Also encountering the same issue. Would appreciate any help regarding this. Thanks.
Can you edit the conf like the following (adding -o and -e to redirect error logs to local files) and try again?
lsf-leader-job-resource-param=-W 2880 -M 4G -q ser -o /YOUR/HOME/stdout.txt -e /YOUR/HOME/stderr.txt
Define /YOUR/HOME
as a directory that you have access to.
And please post those two log files here.
Hi! I am also dealing with this exact issue on an LSF cluster. I edited the conf file to include the line:
lsf-leader-job-resource-param=-W 2880 -M 4G -q ser -o /YOUR/HOME/stdout.txt -e /YOUR/HOME/stderr.txt
as suggested by leepc12. The output and error files are as follows:
stderr.txt
/home/lewks/.lsbatch/1708824945.82031239: line 8: /home/lewks/6pcgf87d.sh: No such file or directory
stdout.txt
Sender: LSF System lsfadmin@node184.hpc.local
[Subject: Job 82031239: <CAPER_ANY_GOOD_LEADER_JOB_NAME> in cluster Exited]

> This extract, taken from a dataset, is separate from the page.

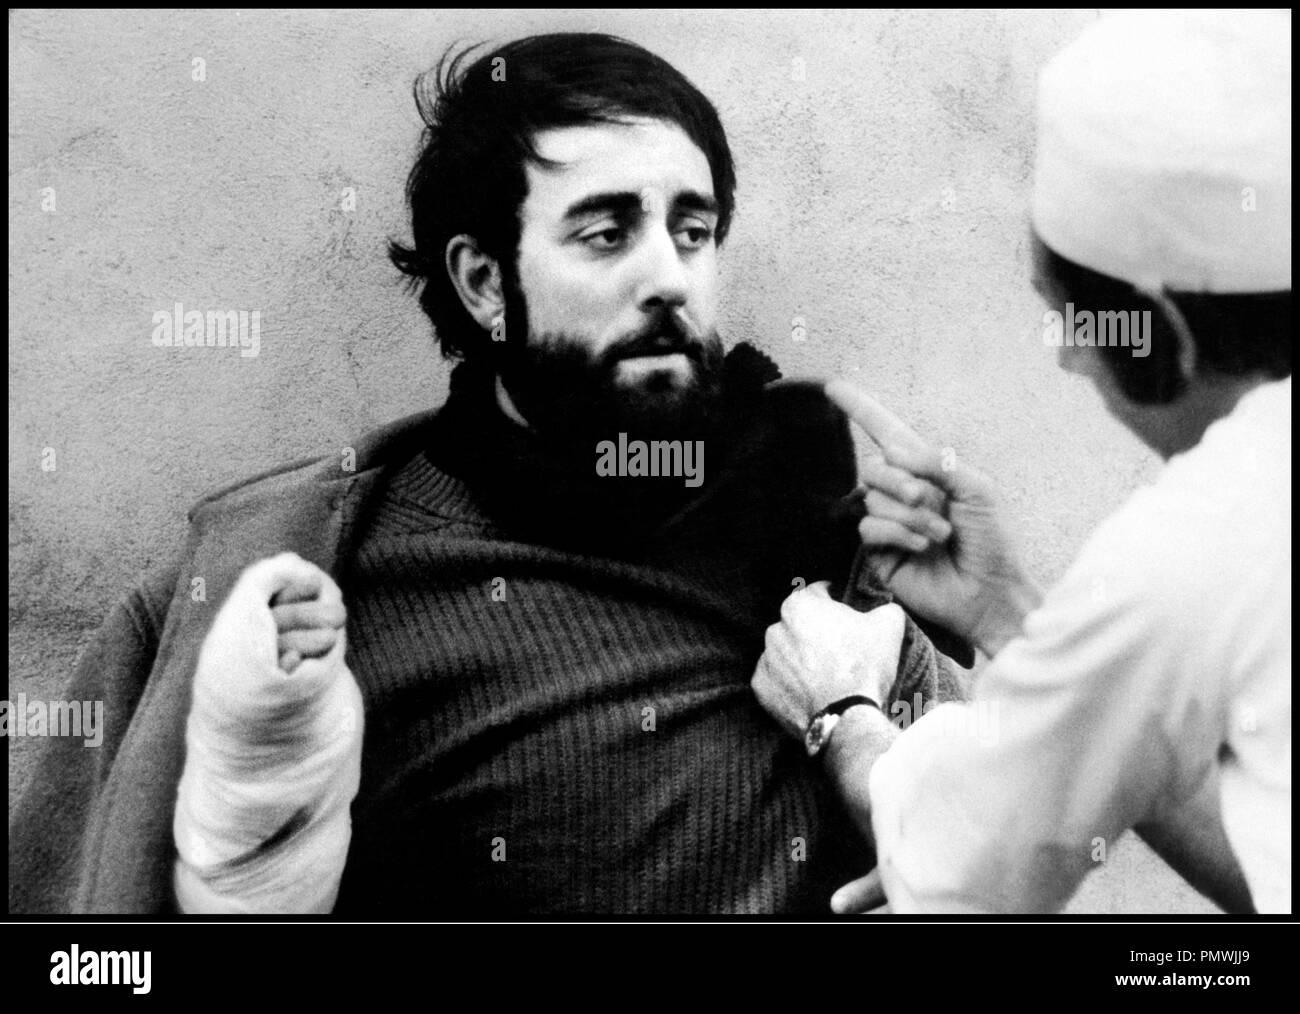 Prod DB © SRG / DR CHARLES, MORT OU VIF de Alain Tanner 1969 SUI. avec Marcel Robert platre, infirmier, menacer - Stock Image

Job <CAPER_ANY_GOOD_LEADER_JOB_NAME> was submitted from host <node156.hpc.local> by user in > cluster at Sat Feb 24 20:35:45 2024
Job was executed on host(s) <node184.hpc.local>, in queue , as user in cluster at Sat Feb 24 20:35:45 2024
</home/lewks> was used as the home directory.
</home/lewks/atac-seq-pipeline> was used as the working directory.

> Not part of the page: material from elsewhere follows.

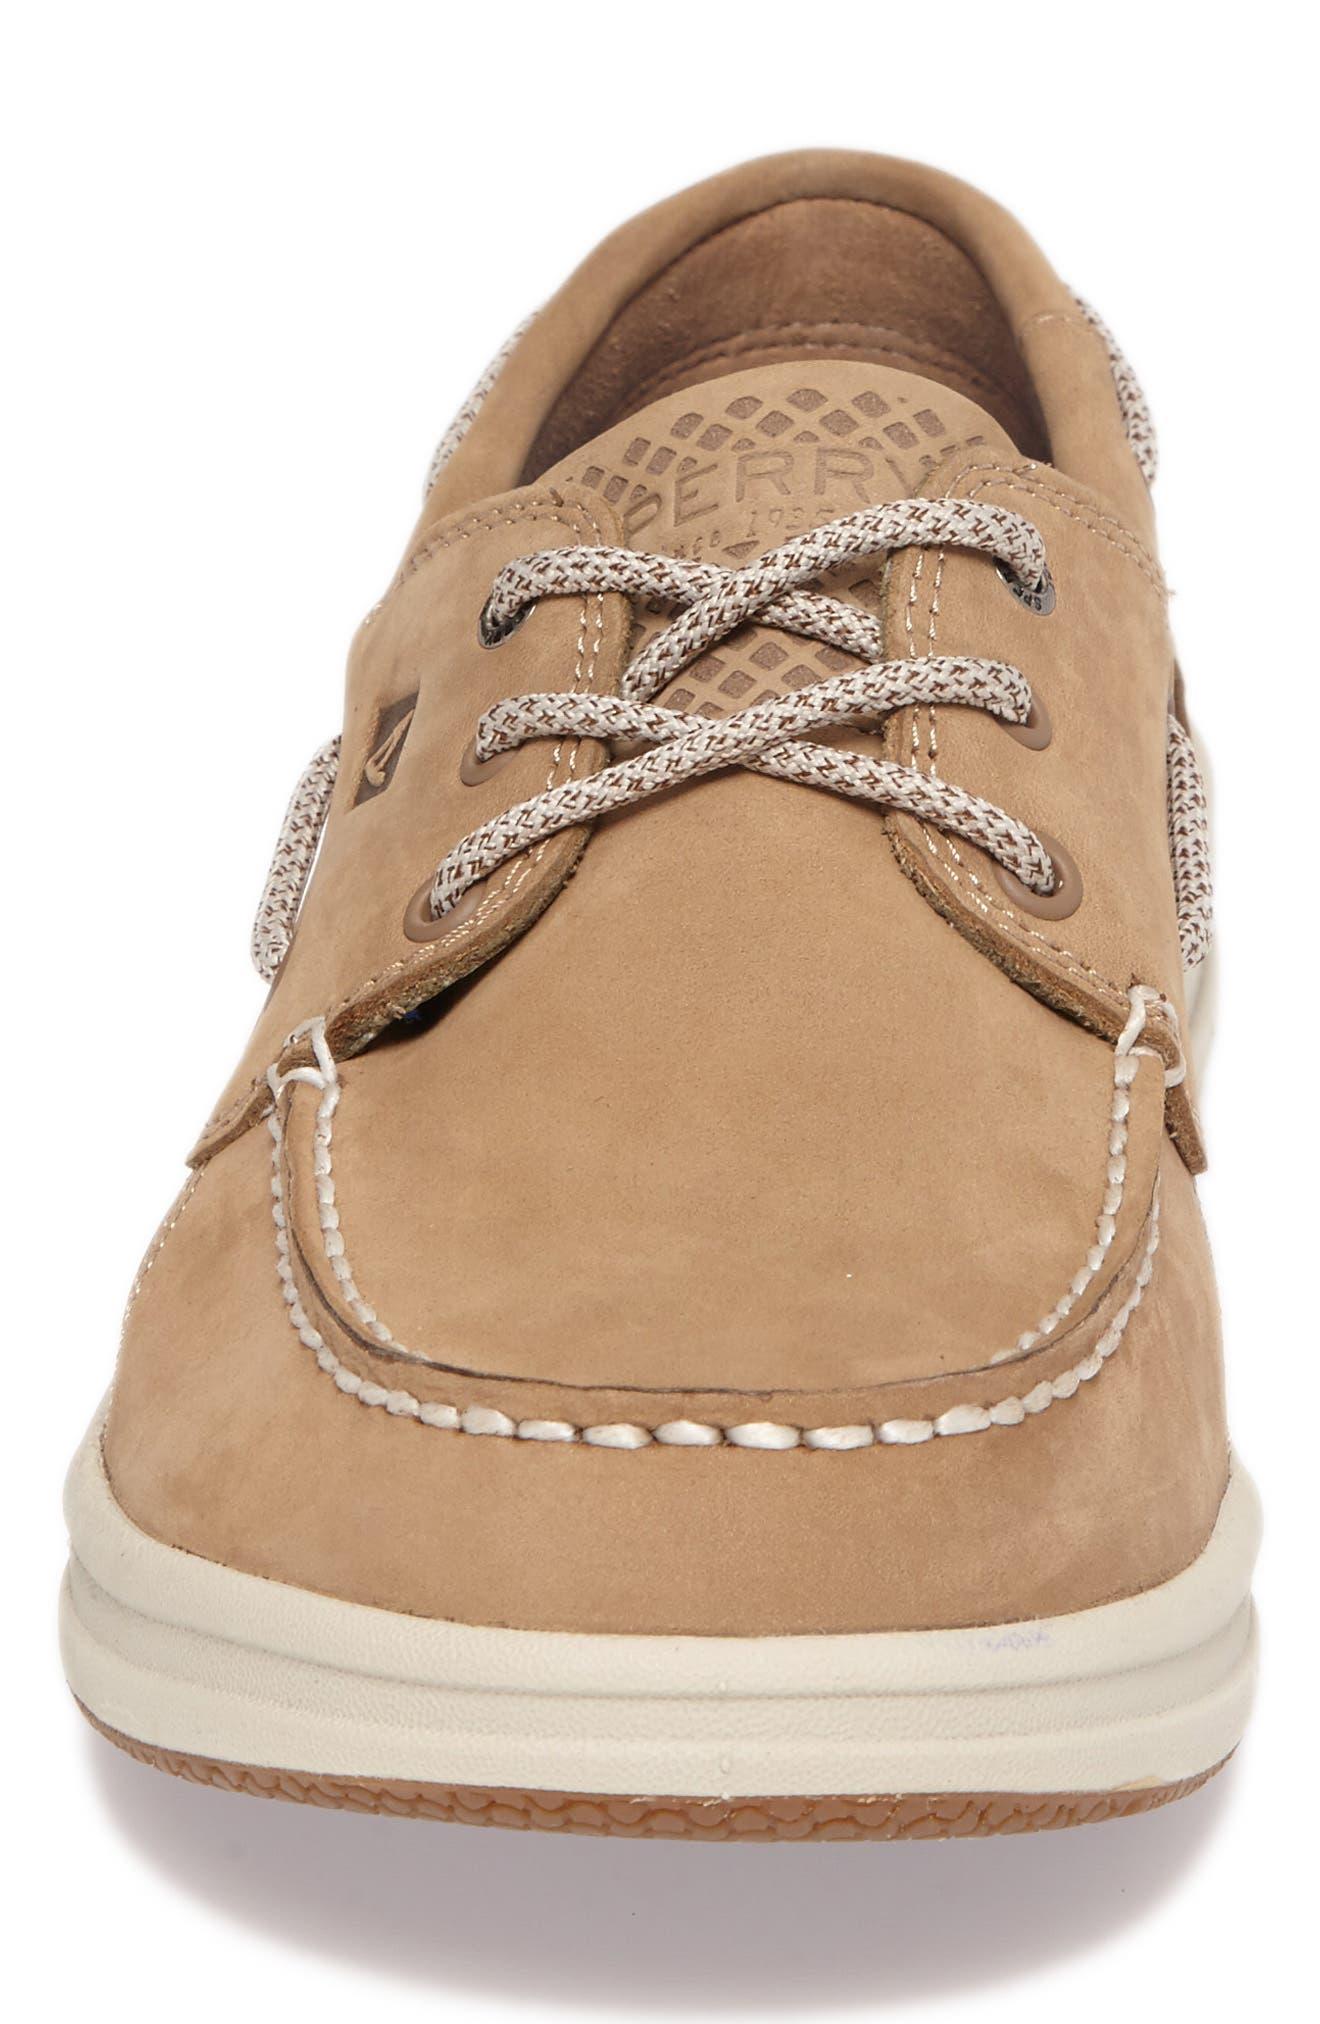 Gamefish Boat Shoe,                             Alternate thumbnail 4, color,                             Linen Leather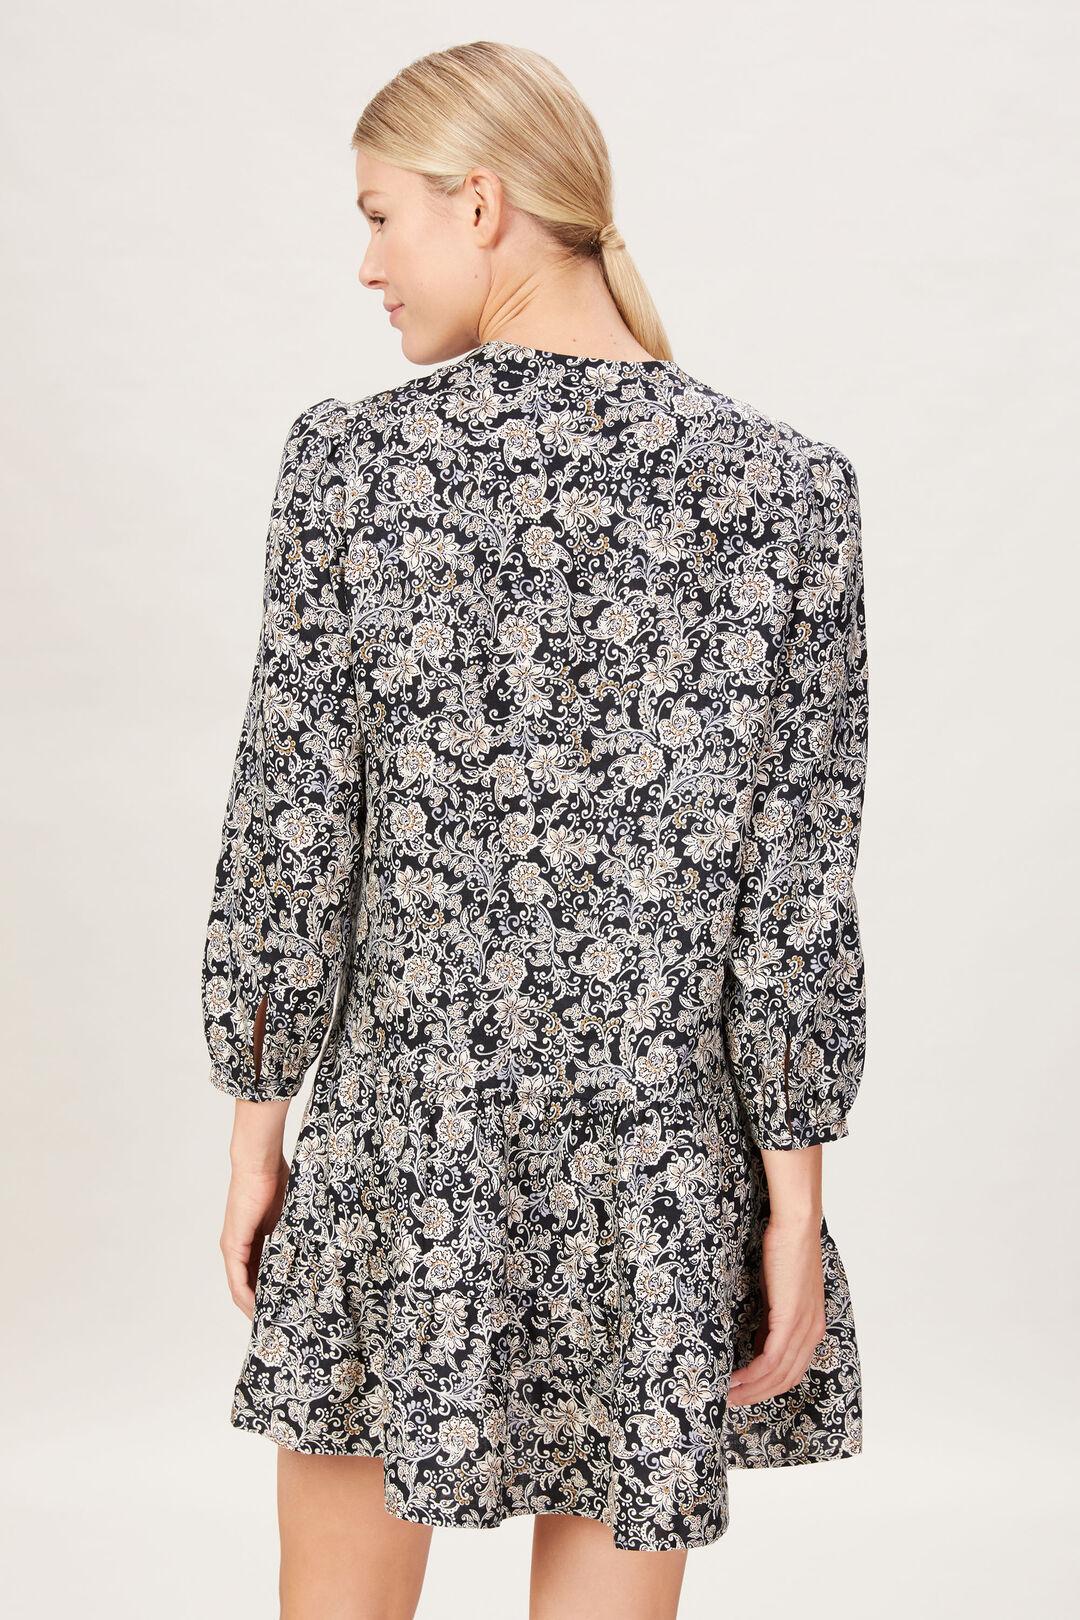 FRENCH LINEN V-NECK DRESS  MULTI  hi-res

Started at Sat Feb 24 20:35:45 2024
Terminated at Sat Feb 24 20:35:45 2024
Results reported at Sat Feb 24 20:35:45 2024
Your job looked like:
LSBATCH: User input
/home/lewks/6pcgf87d.sh
Exited with exit code 127.
Resource usage summary:
CPU time : 0.02 sec.
Max Memory : -
Average Memory : -
Total Requested Memory : -
Delta Memory : -
Max Swap : -
Max Processes : -
Max Threads : -
Run time : 0 sec.
Turnaround time : 0 sec.
The output (if any) follows:
PS:
Read file </home/lewks/stderr.txt> for stderr output of this job.

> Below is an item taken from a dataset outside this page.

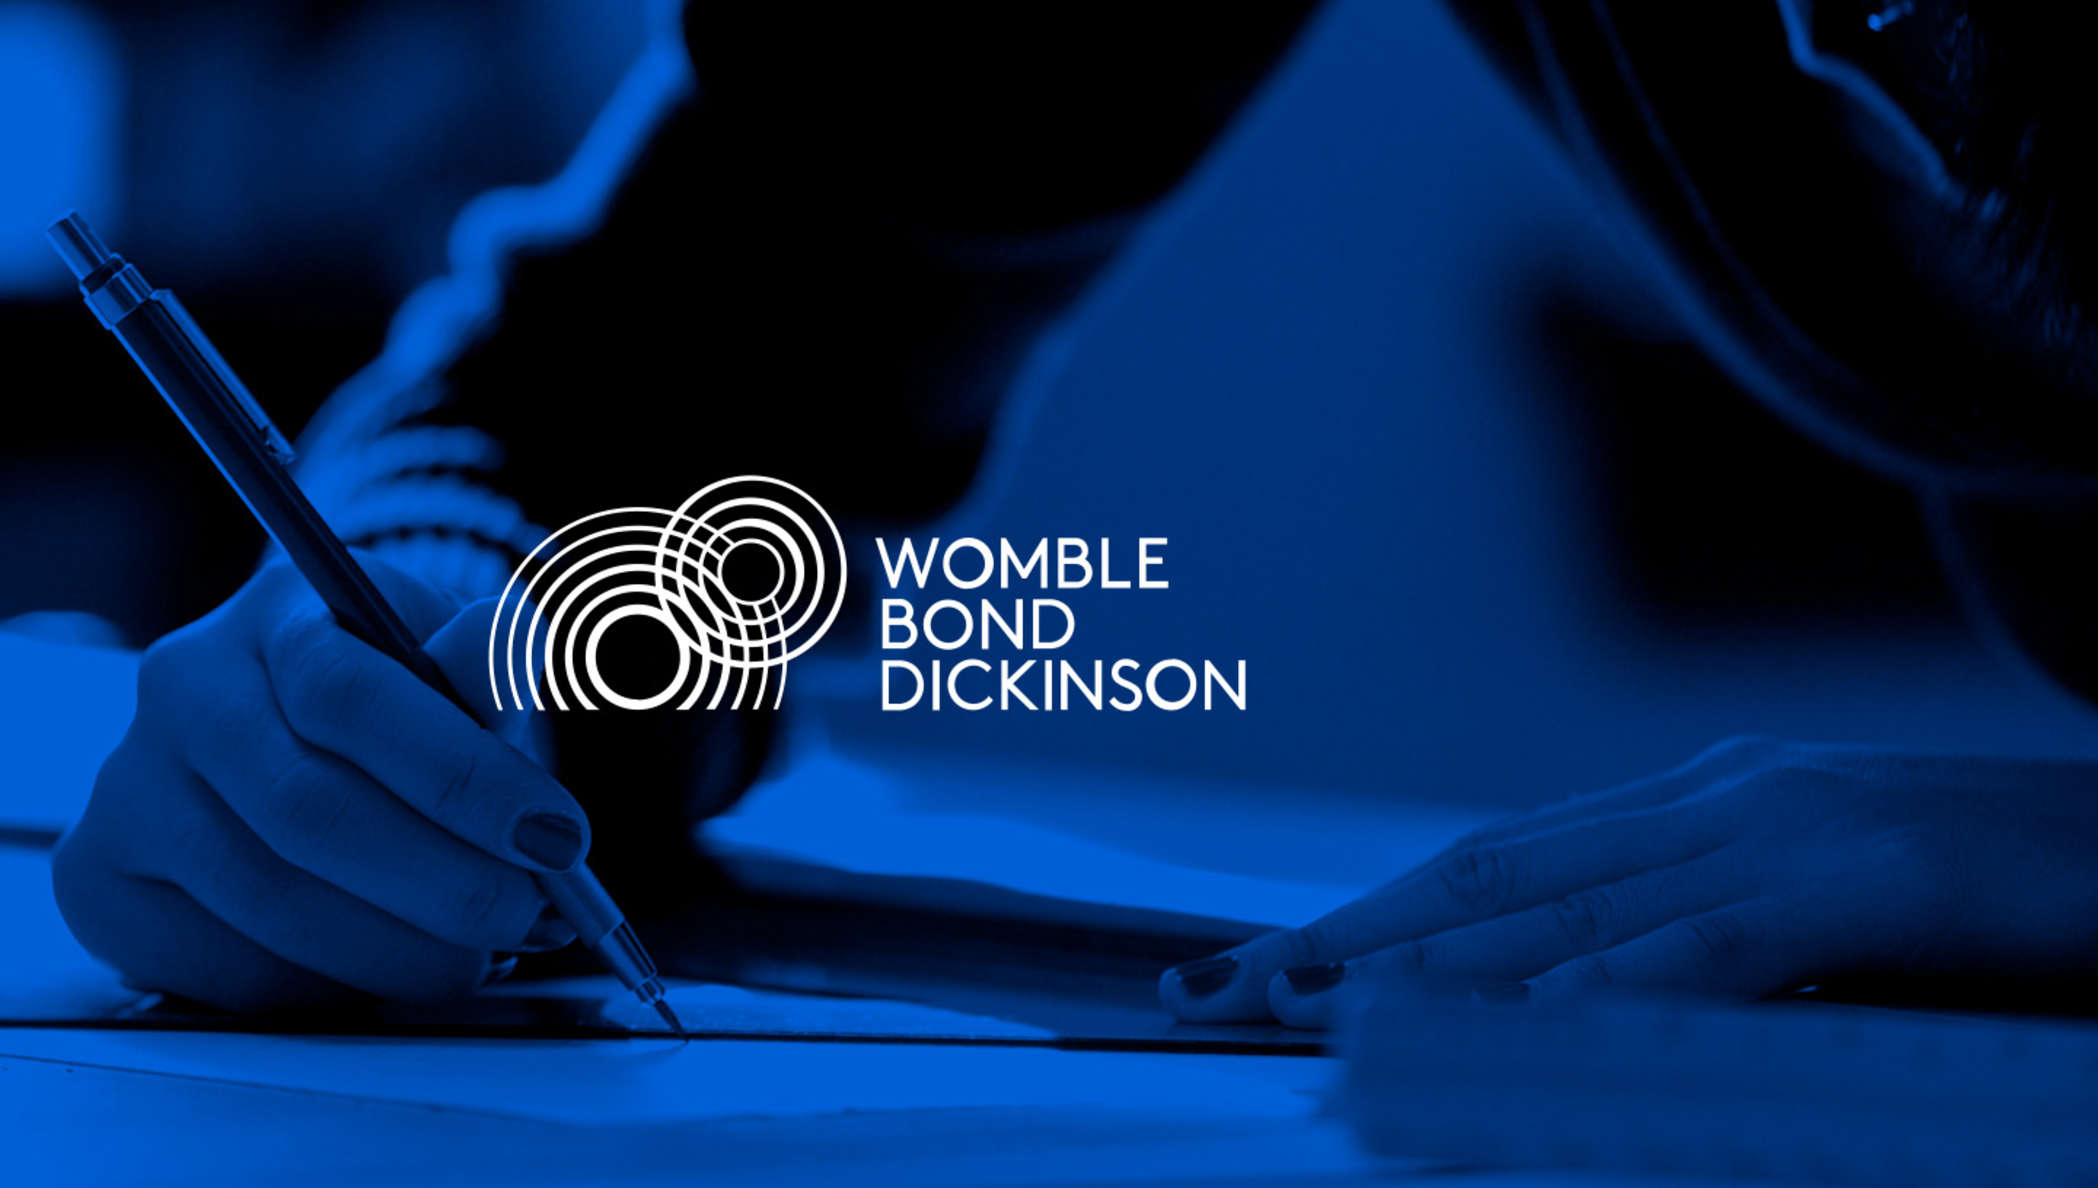 Womble Bond Dickinson Case Study

Thank you so much for any insight you might have as to how to fix this!
Best,
Stephanie
I'm truly sorry to hear about the difficulties you're experiencing with running CAPER. Unfortunately, due to our current bandwidth and personnel limitations, we are unable to provide immediate attention to resolving this particular issue.
We sincerely apologize for any inconvenience this may cause and greatly appreciate your understanding.
No problem! Thanks for letting us know.
Bump - I am experiencing this same issue. Error logs show calls to supposedly generated shell script that system checks for and finds does not exist...